Wereldwijd zijn meer dan 70 miljoen mensen op de vlucht. Bijna 26 miljoen van hen bevinden zich buiten hun eigen herkomstland. Mensen vluchten om allerlei redenen, zoals oorlog en geweld, politieke overtuiging of religie. Er zijn ook mensen die vluchten voor vervolging omwille van hun seksuele oriëntatie of genderidentiteit (SOGI).

In meer dan zestig landen bestraft wetgeving homoseksuele handelingen. Daarnaast zijn er ook landen waar er de facto een bestraffing is omdat andere wetten strenger worden toegepast op holebi's. In nog andere landen is er zo'n mate van homofobie dat mensen geen hulp krijgen van hun eigen overheid wanneer zij gevaar lopen.

In 2019 kregen in België 569 mensen, die SOGI als reden voor hun verzoek om internationale bescherming gaven, een beslissing van het Commissariaat-Generaal voor de vluchtelingen en de staatlozen (CGVS): 54 % kreeg een weigering en 46 % een beschermingsstatuut.

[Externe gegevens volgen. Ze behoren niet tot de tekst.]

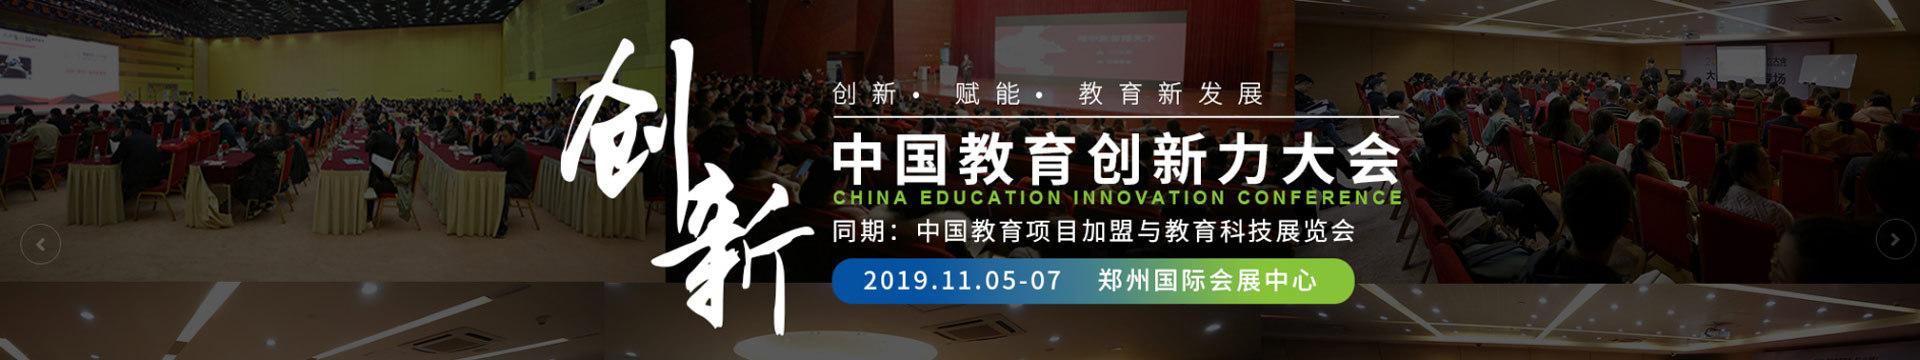 2019教育創新力大會暨教育加盟展(鄭州)
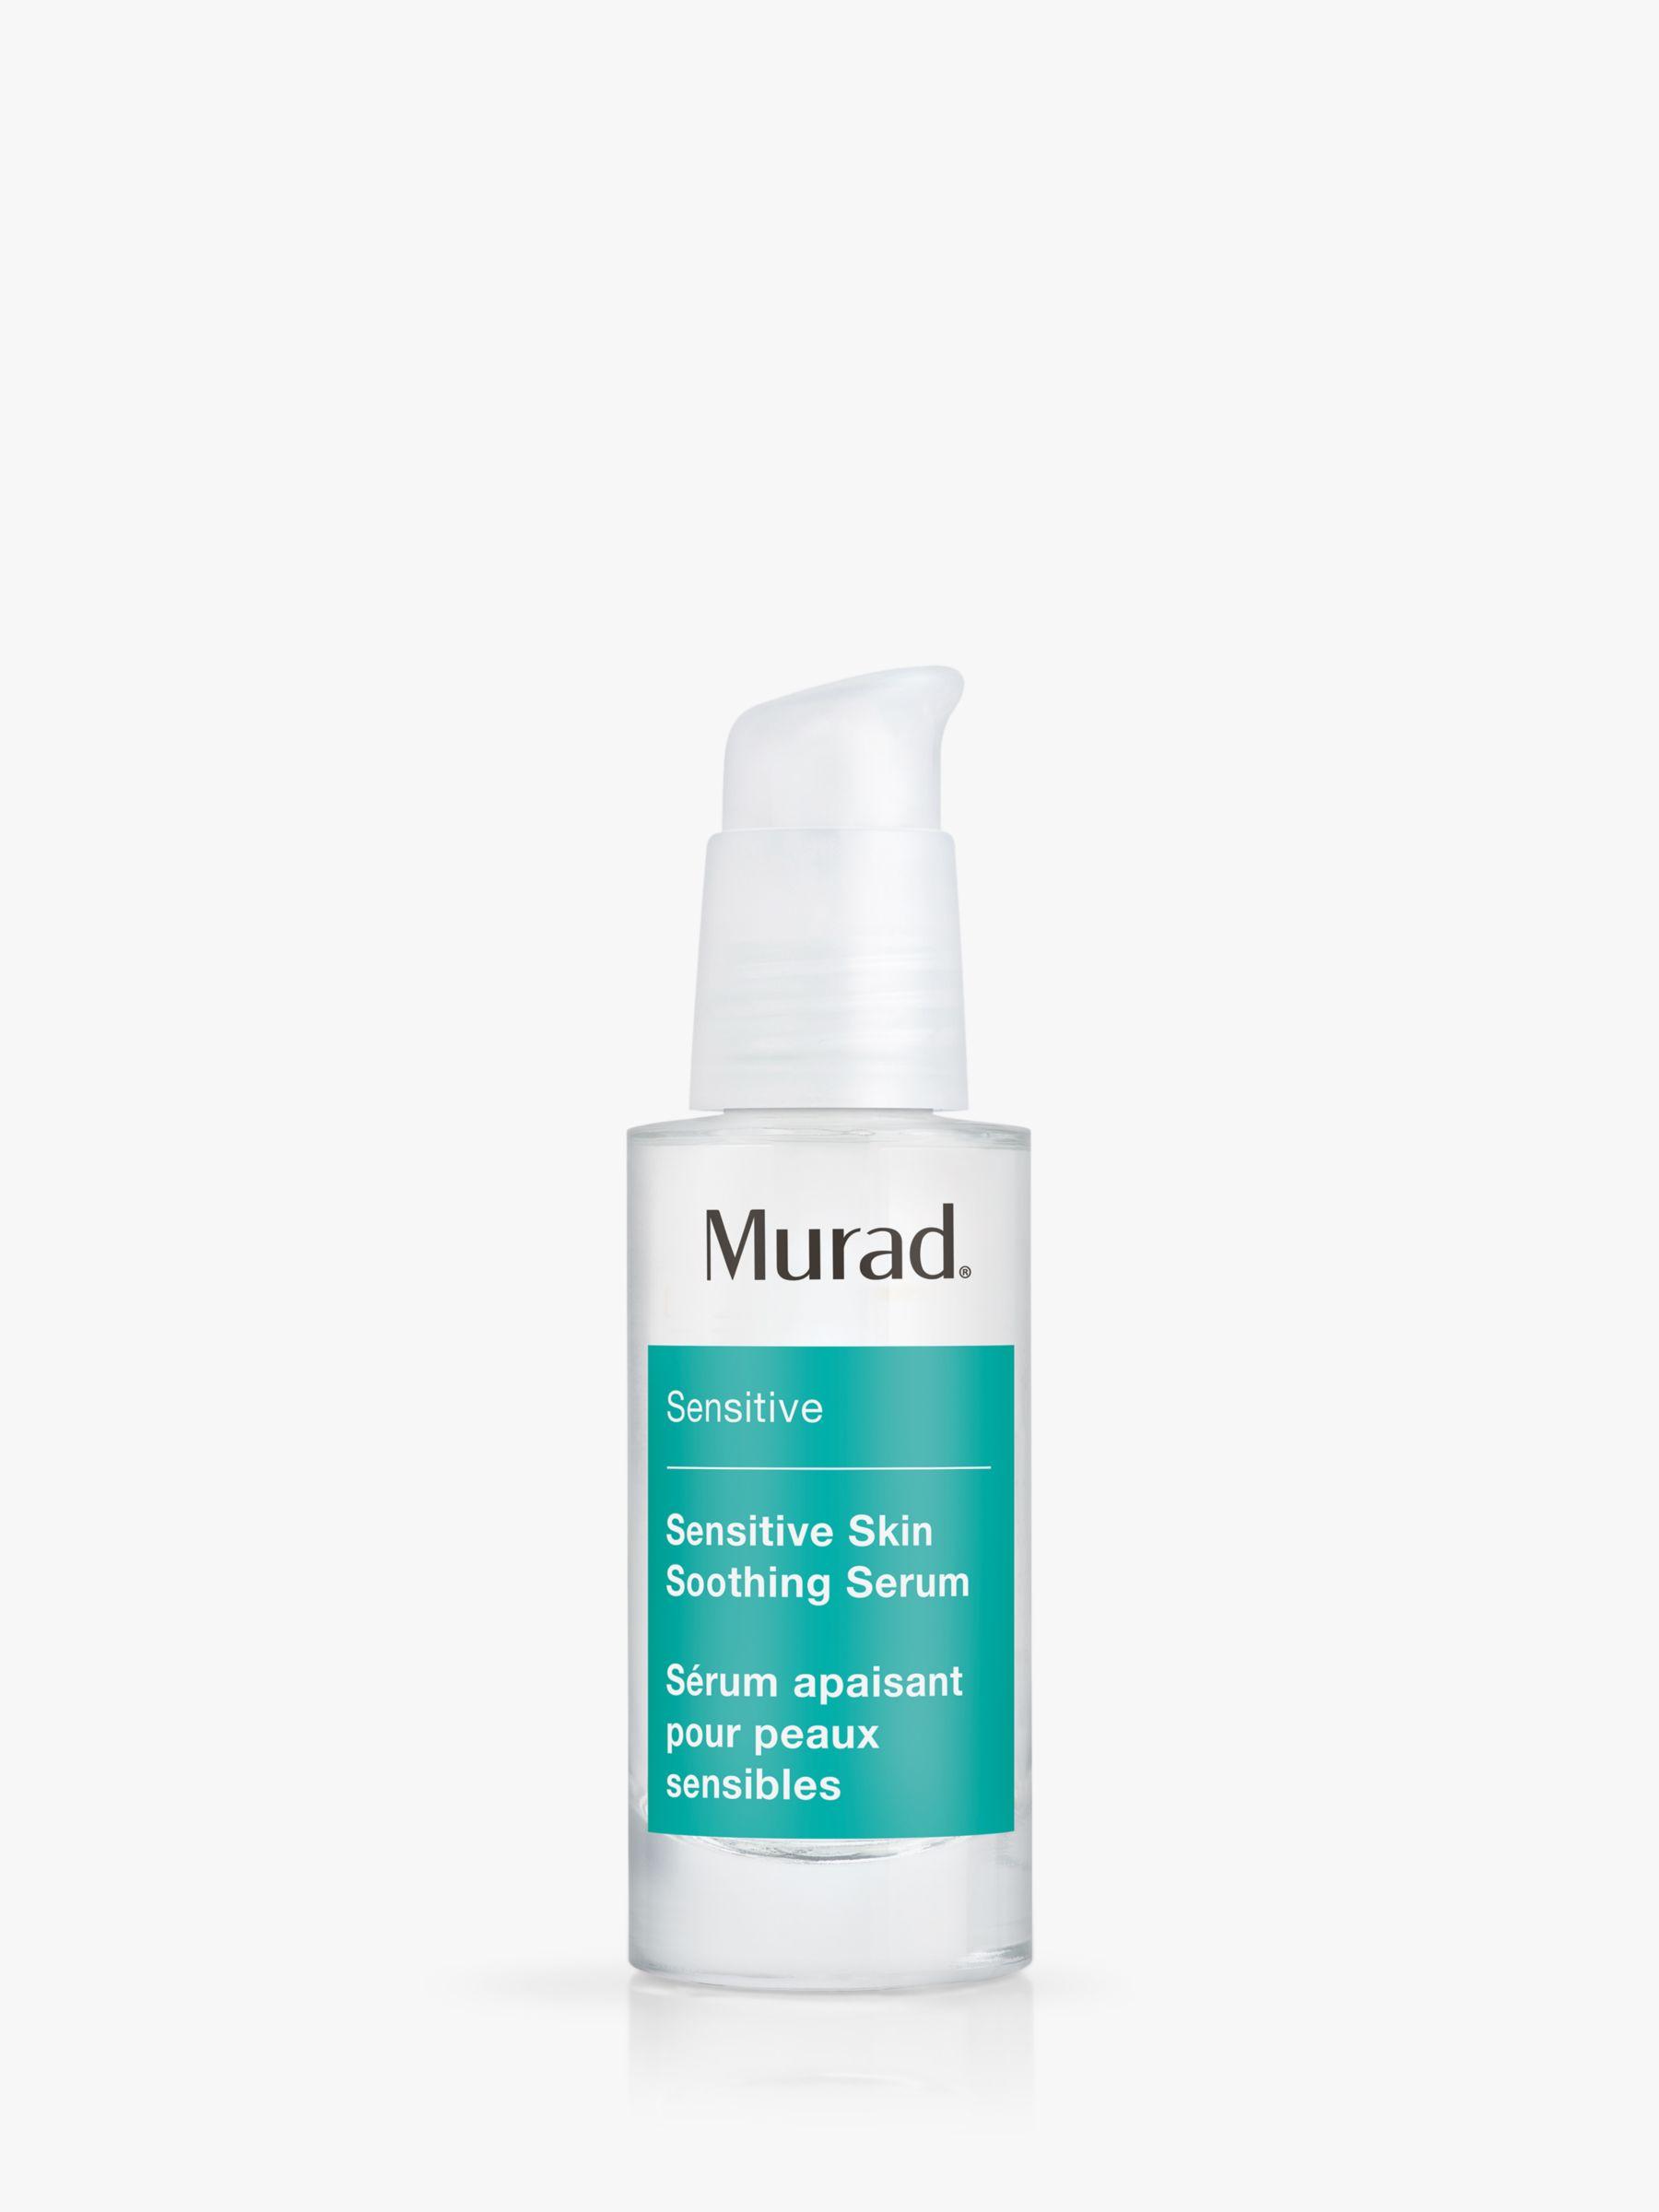 Murad Murad Sensitive Skin Soothing Serum, 30ml

De meest voorkomende herkomstlanden waren Irak, Kameroen, Senegal, Marokko en Venezuela.

Internationale bescherming vragen omwille van SOGI is niet evident. Het is voor velen een taboe om er openlijk over te spreken, laat staan openlijk te beleven. Het eigen referentiekader speelt een rol in hoe de asielzoeker erover denkt en vertelt. Mogelijk is hij niet vertrouwd met de Belgische terminologie. Dit maakt het moeilijk om de angst voor vervolging onder woorden te brengen en overtuigend te maken voor de instanties die beslissen over de asielaanvraag.

Vluchtelingenwerk Vlaanderen heeft in januari 2020 een rapport vrijgegeven met de titel: «Holebi's op de vlucht» (zie: https://www.vluchtelingenwerk.be/sites/default/files/report510463_0.pdf). Het gaat over holebi's, maar ook transgenders, die hun thuisland ontvluchten omdat ze in eigen land worden vervolgd op basis van hun seksuele geaardheid of genderidentiteit.

Het rapport maakt volgende aanbevelingen:

– de asielinstanties moeten waken over een toekomstgerichte beoordeling van het risico op vervolging en laten doorwegen wat er kan gebeuren als de verzoeker bij terugkeer de SOGI openlijk beleeft. Het mag daarbij nooit een rol spelen dat de verzoeker in het verleden zijn geaardheid discreet kon beleven;

– de instanties moeten elke motivatie die steunt op persoonlijke omstandigheden, zoals (impliciete) steun van de familie of zelfstandigheid, vermijden wanneer vaststaat dat strafwetgeving toegepast wordt of wanneer er geen bescherming van de eigen overheid is. In dat geval moet een groepsvervolging aangenomen worden;

– de asielinstanties moeten ook bij louter seksuele handelingen een grondig onderzoek voeren naar de mogelijke gevolgen van terugkeer naar het herkomstland;

– bij gebrek aan voldoende specifieke landeninformatie moet het voordeel van de twijfel worden toegekend.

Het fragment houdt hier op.